## Problem to solve
Each line between the one holding "94-98 CHEVY FULL" and the end of the material below, both included, is to be transcribed word for word, with pictures left out.

## Dataset excerpt
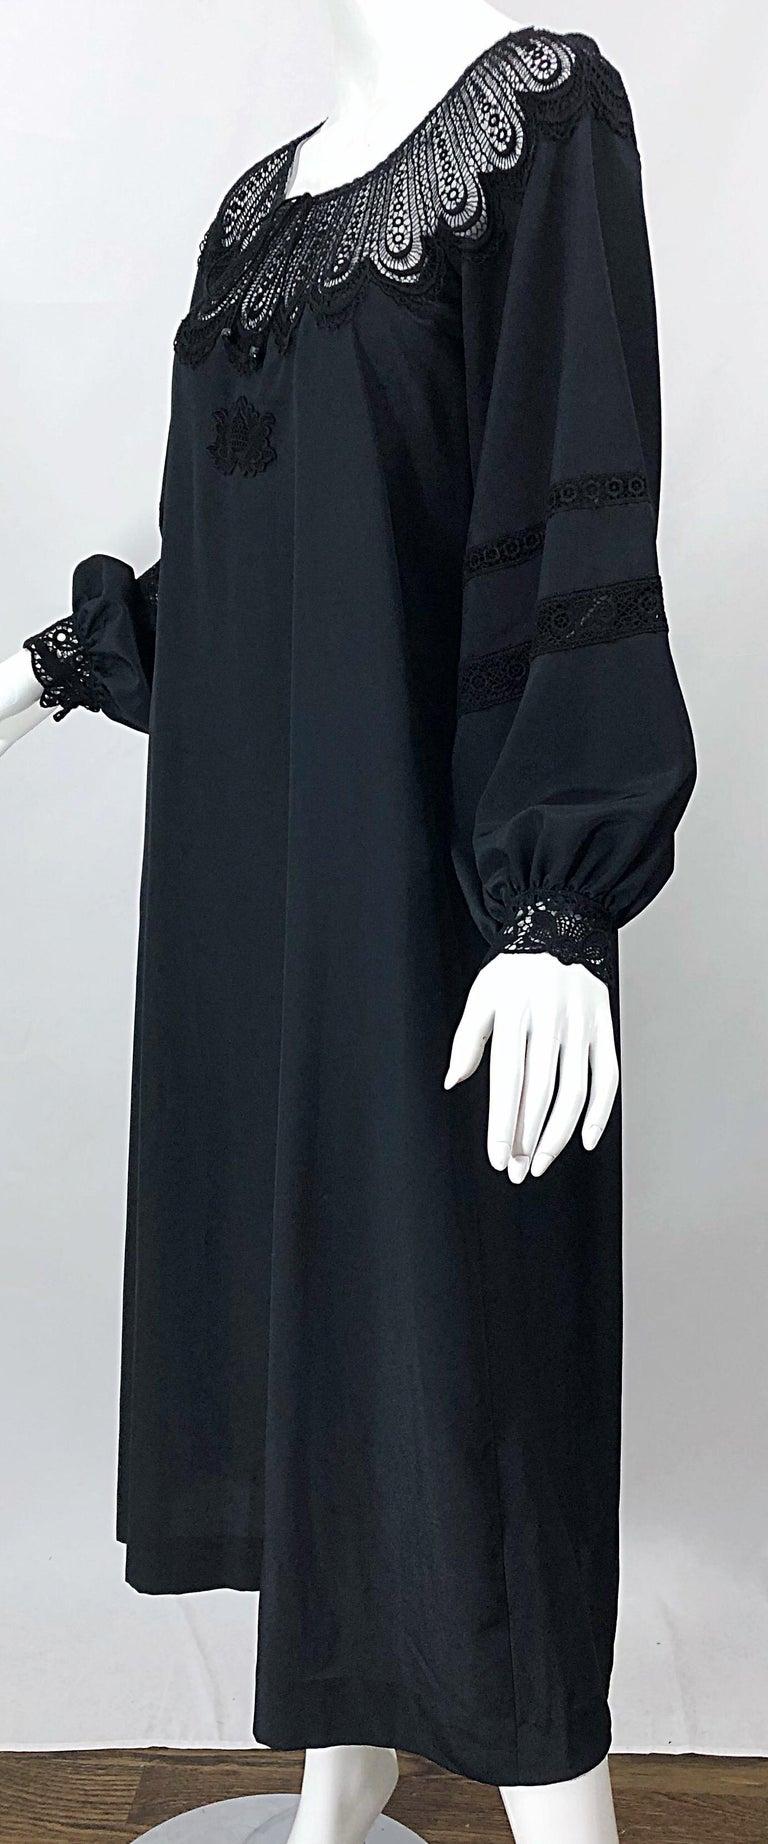 1970s Giorgio di Sant Angelo Black Vintage 70s Crochet Bishop Sleeve Smock Dress For Sale 2
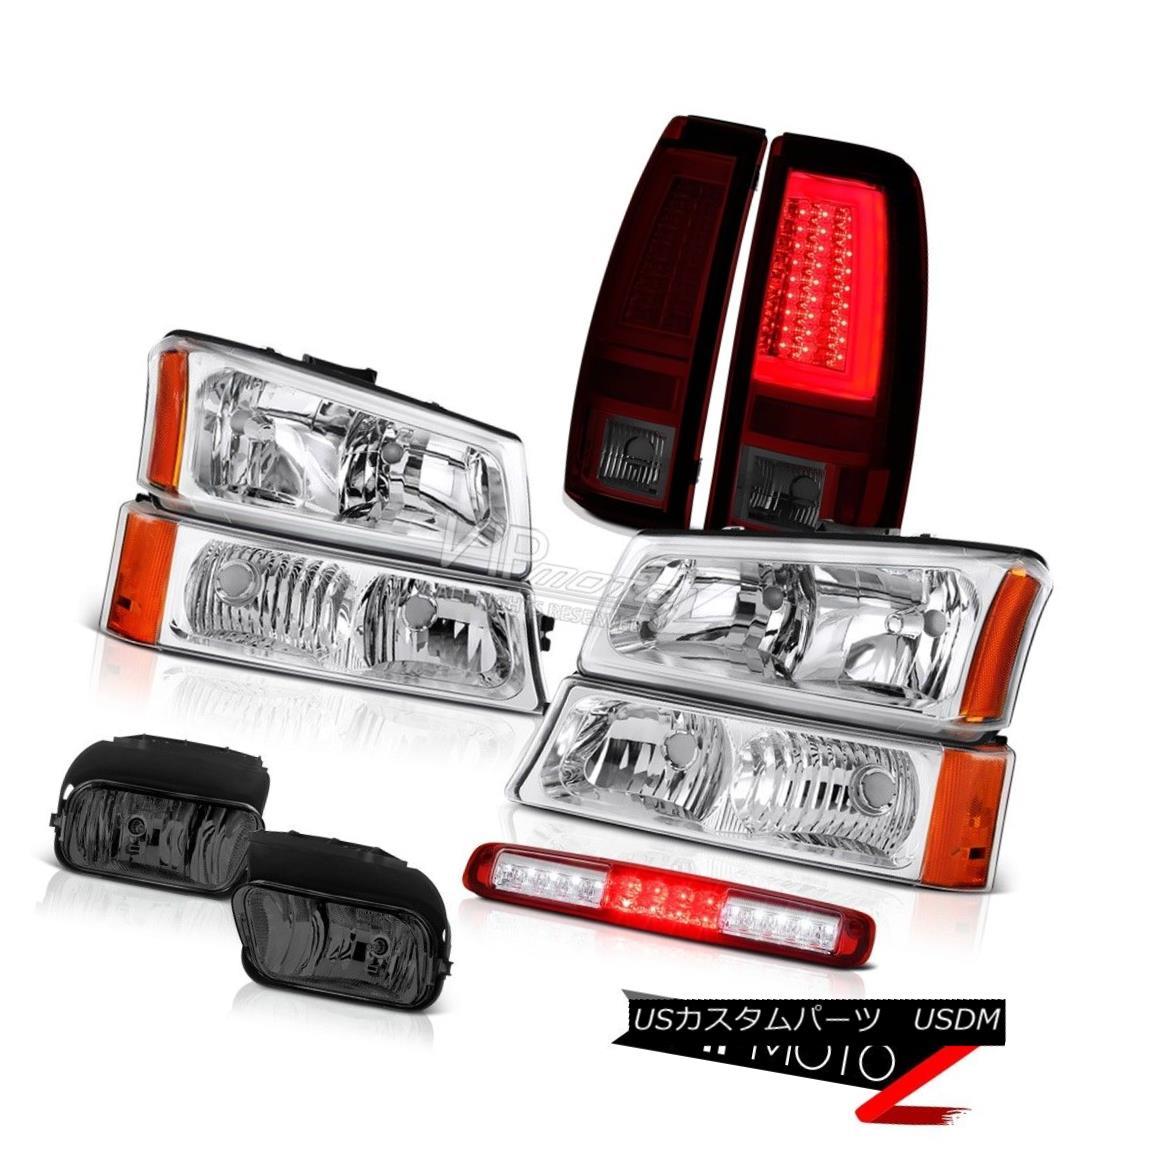 94-98 CHEVY FULL SIZE HEADLIGHTS BLACK HALO 10 PCS ALTEZZA TAIL LIGHTS RED SMOK
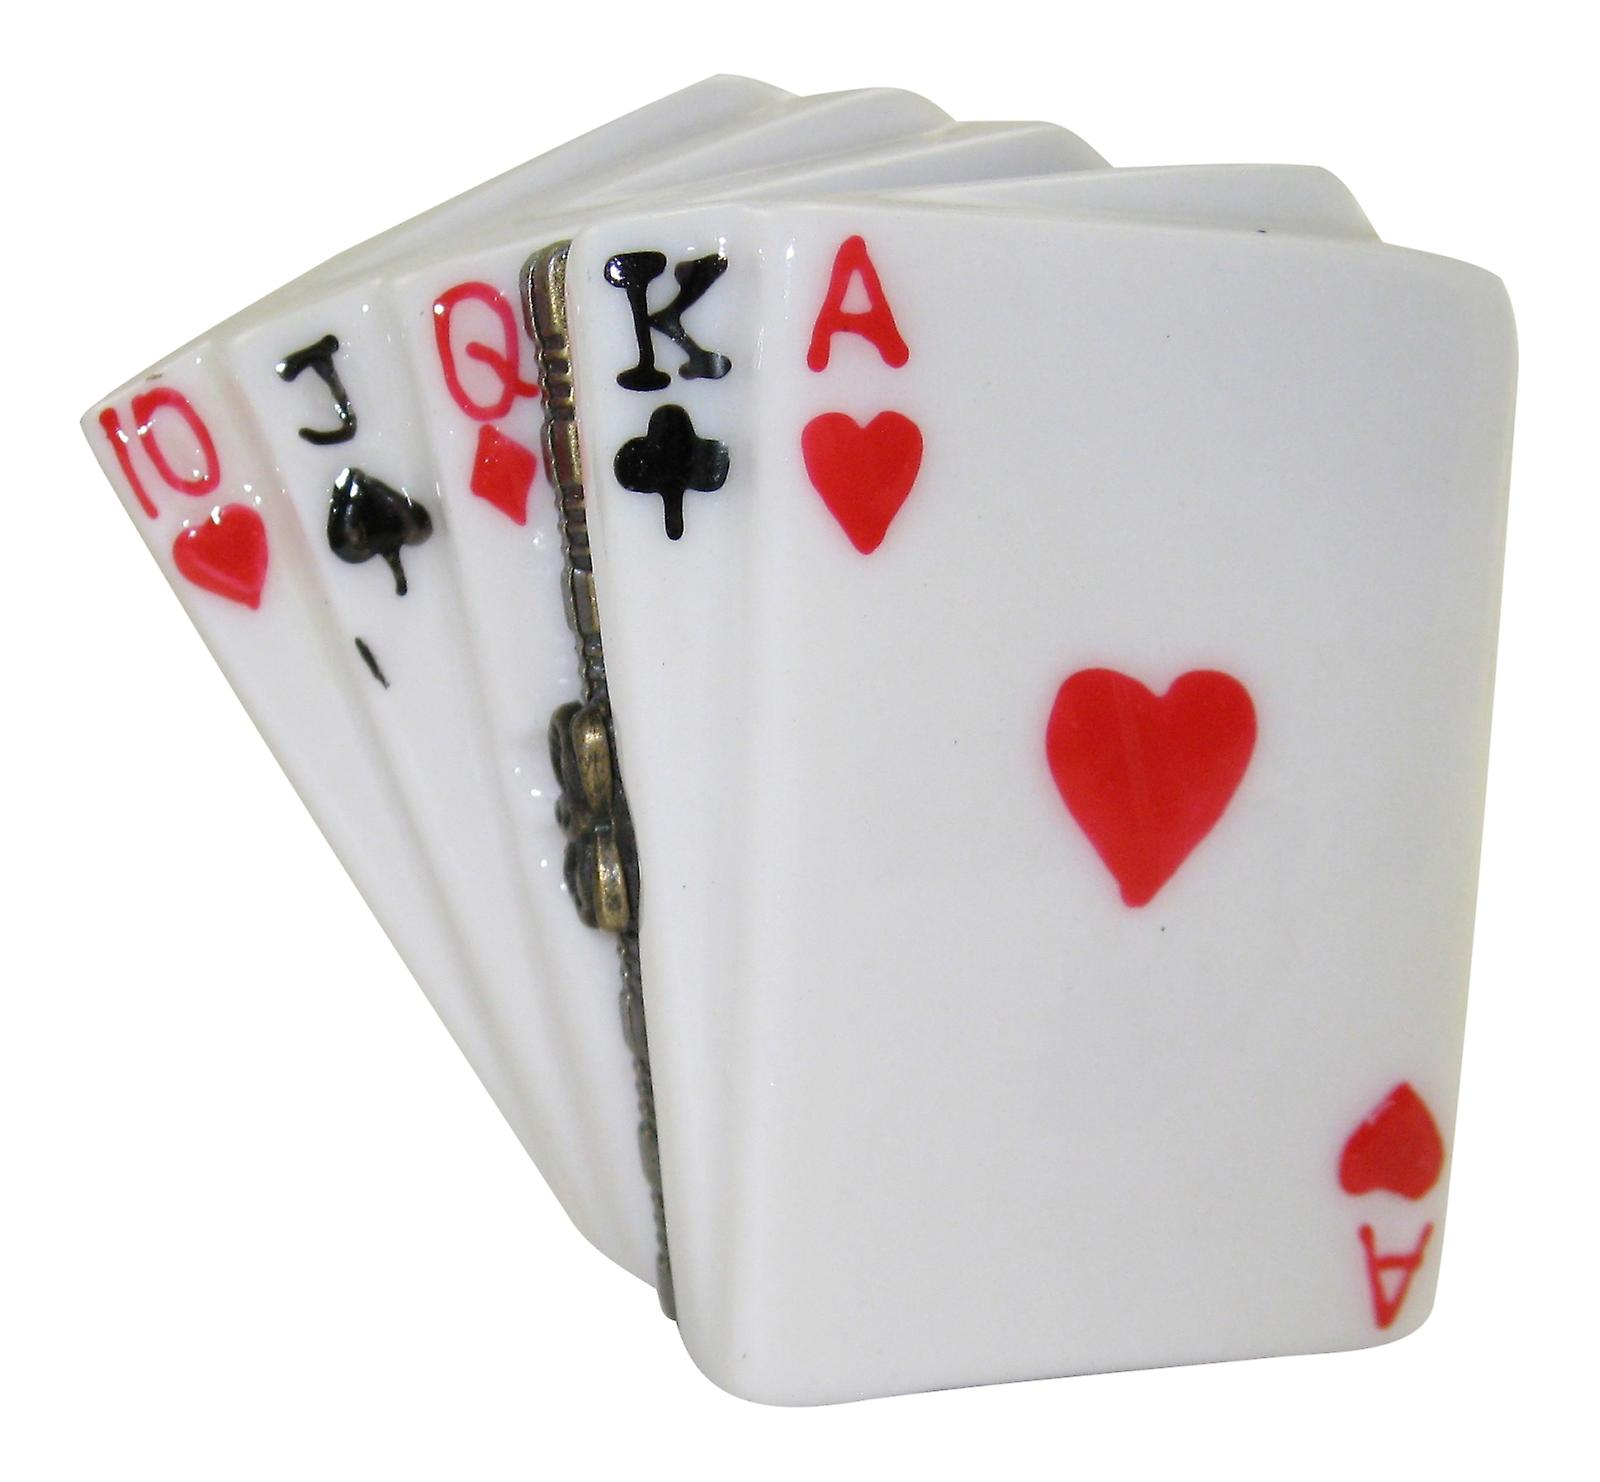 Poker Hand Straight Winner Playing Cards Porcelain Hinged Trinket Box

## Solved problem
 94-98 CHEVY FULL SIZE HEADLIGHTS BLACK HALO 10 PCS ALTEZZA TAIL LIGHTS RED SMOK
 Poker Hand Straight Winner Playing Cards Porcelain Hinged Trinket Box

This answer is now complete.